Baca berita tanpa iklan. Gabung Kompas.com+

Suara-suara yang Desak Pilkada Ditunda Vs Keputusan Pemangku Kepentingan

Kompas.com - 28/09/2020, 07:47 WIB
Fitria Chusna Farisa,
Icha Rastika

Tim Redaksi

JAKARTA, KOMPAS.com - Tahapan Pilkada 2020 di 270 daerah tetap dilanjutkan di tengah meningkatnya kasus Covid-19.

Keputusan ini diambil oleh pemerintah, DPR RI, dan penyelenggara pemilu melalui rapat kerja yang digelar Senin (21/9/2020).

"Komisi II DPR bersama Mendagri, Ketua KPU, Ketua Bawaslu dan Ketua DKPP menyepakati bahwa pelaksanaan Pilkada serentak 2020 tetap dilangsungkan pada 9 Desember 2020 dengan penegakan disiplin dan sanksi hukum terhadap pelanggaran protokol kesehatan Covid-19," kata Ketua Komisi II Ahmad Doli Kurnia membacakan simpulan rapat, Senin.

Baca juga: Harapan Penundaan Pilkada dan Hak atas Kesehatan yang Harus Jadi Prioritas...

Padahal, di saat yang bersamaan, banyak pihak yang mendesak agar Pilkada 2020 ditunda sementara.

Desakan itu datang dari berbagai kalangan, mulai dari tokoh masyarakat, pegiat pemilu, bahkan Pengurus Besar Nahdlatul Ulama (PBNU), dan Pengurus Pusat (PP) Muhammadiyah.

Meski pihak Istana sempat mengatakan bahwa Presiden Joko Widodo mempertimbangkan berbagai usulan itu, nyatanya pemangku kepentingan memutuskan untuk tetap melanjutkan Pilkada 2020.

Kampanye tetap berjalan sebagaimana yang telah dijadwalkan 26 September-5 Desember dan hari pemungutan suara pun tetap akan digelar 9 Desember.

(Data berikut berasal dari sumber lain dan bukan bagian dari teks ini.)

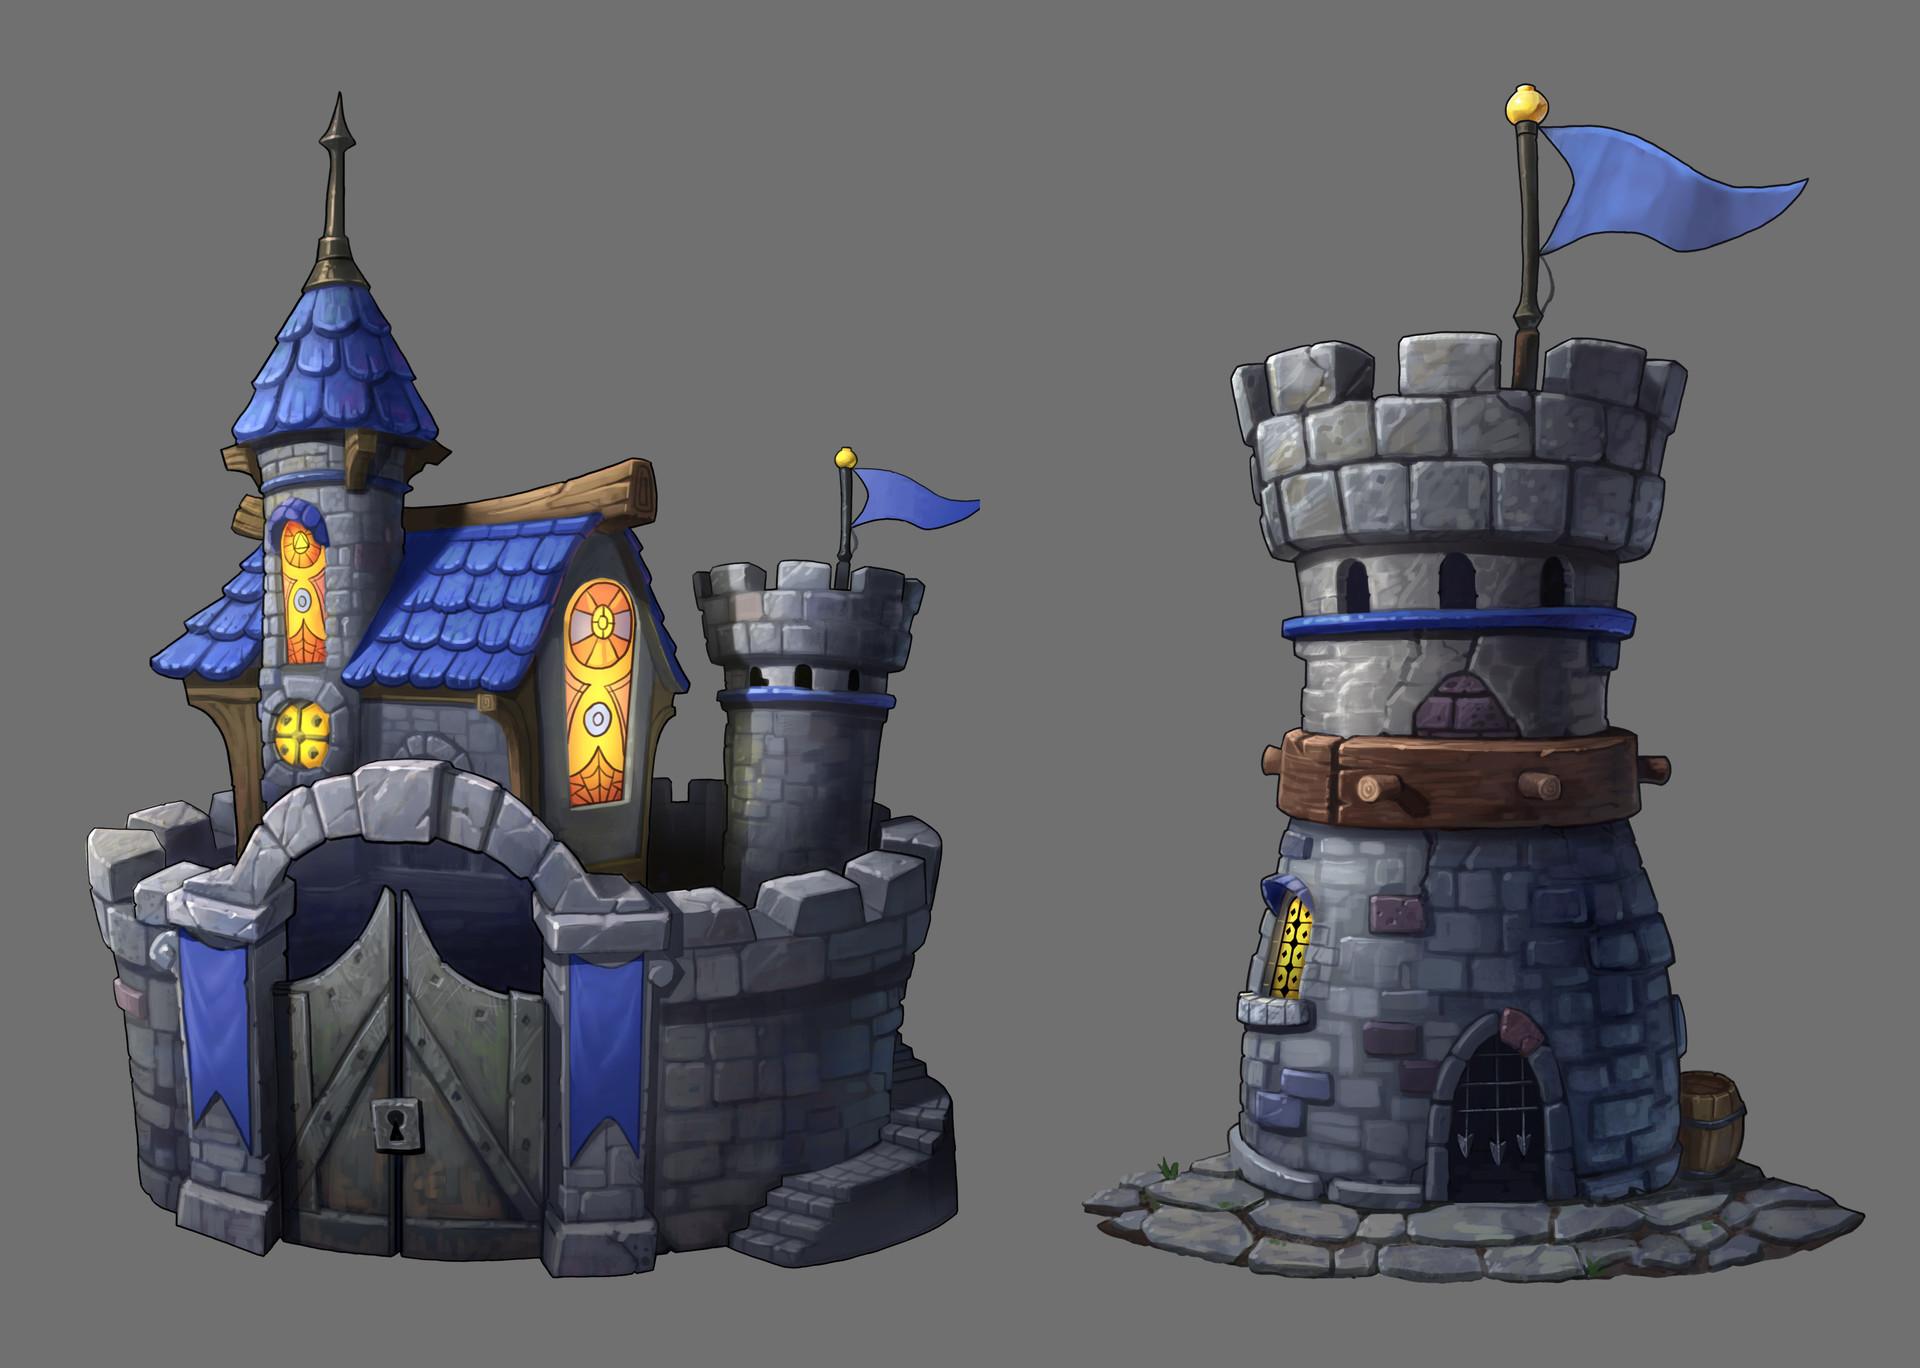 Lloyd hoshide bluebuildings

Atas keputusan tersebut, banyak pihak yang sedari awal meminta Pilkada ditunda masih bersikukuh pada sikap mereka.

Tak berempati 

Guru Besar Universitas Islam Negeri (UIN) Syarif Hidayatullah Azyumardi Azra bahkan memutuskan untuk golput pada Pilkada 2020.

Hal itu ia lakukan sebagai bentuk solidaritas kemanusiaan bagi orang yang meninggal dunia akibat terinfeksi virus corona (Covid-19).

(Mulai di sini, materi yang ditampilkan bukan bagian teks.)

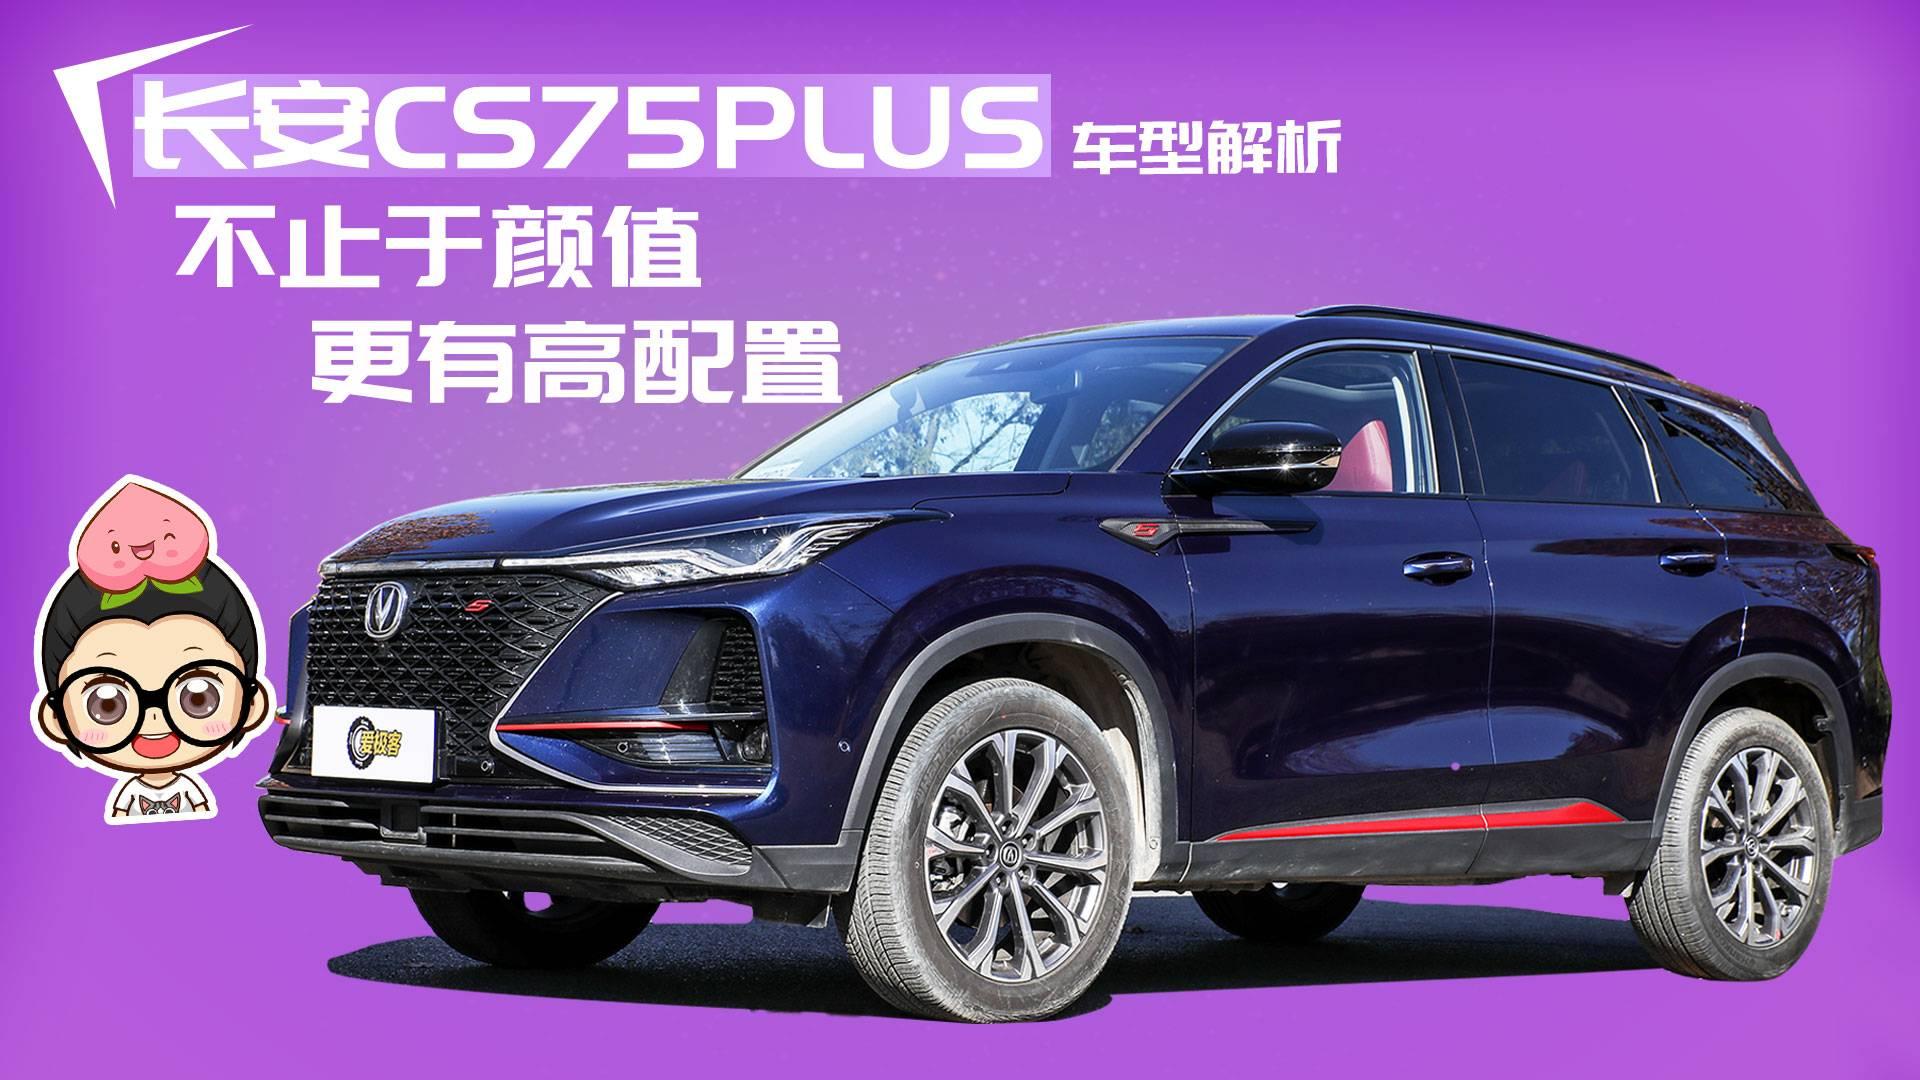 【选车帮帮忙】长安CS75PLUS车型解析 不止于颜值 更有高配置

"Saya golput Pilkada 9 Desember 2020 sebagai ungkapan solidaritas kemanusiaan bagi mereka yang wafat akibat wabah corona atau terinfeksi Covid-19," kata Azra melalui akun Facebook resminya yang dikutip Kompas.com, Selasa (22/9/2020).

Baca juga: Azyumardi Azra Pilih Golput di Pilkada: Ungkapan Solidaritas bagi Korban Covid-19

Kompas.com telah mengonfirmasi dan Azyumardi Azra membenarkan pernyataan yang dia tulis tersebut.

Azra menilai, jika Pilkada 2020 tetap dilaksanakan di masa pandemi Covid-19, akan tampak tidak memiliki empati pada korban yang telah meninggal dunia.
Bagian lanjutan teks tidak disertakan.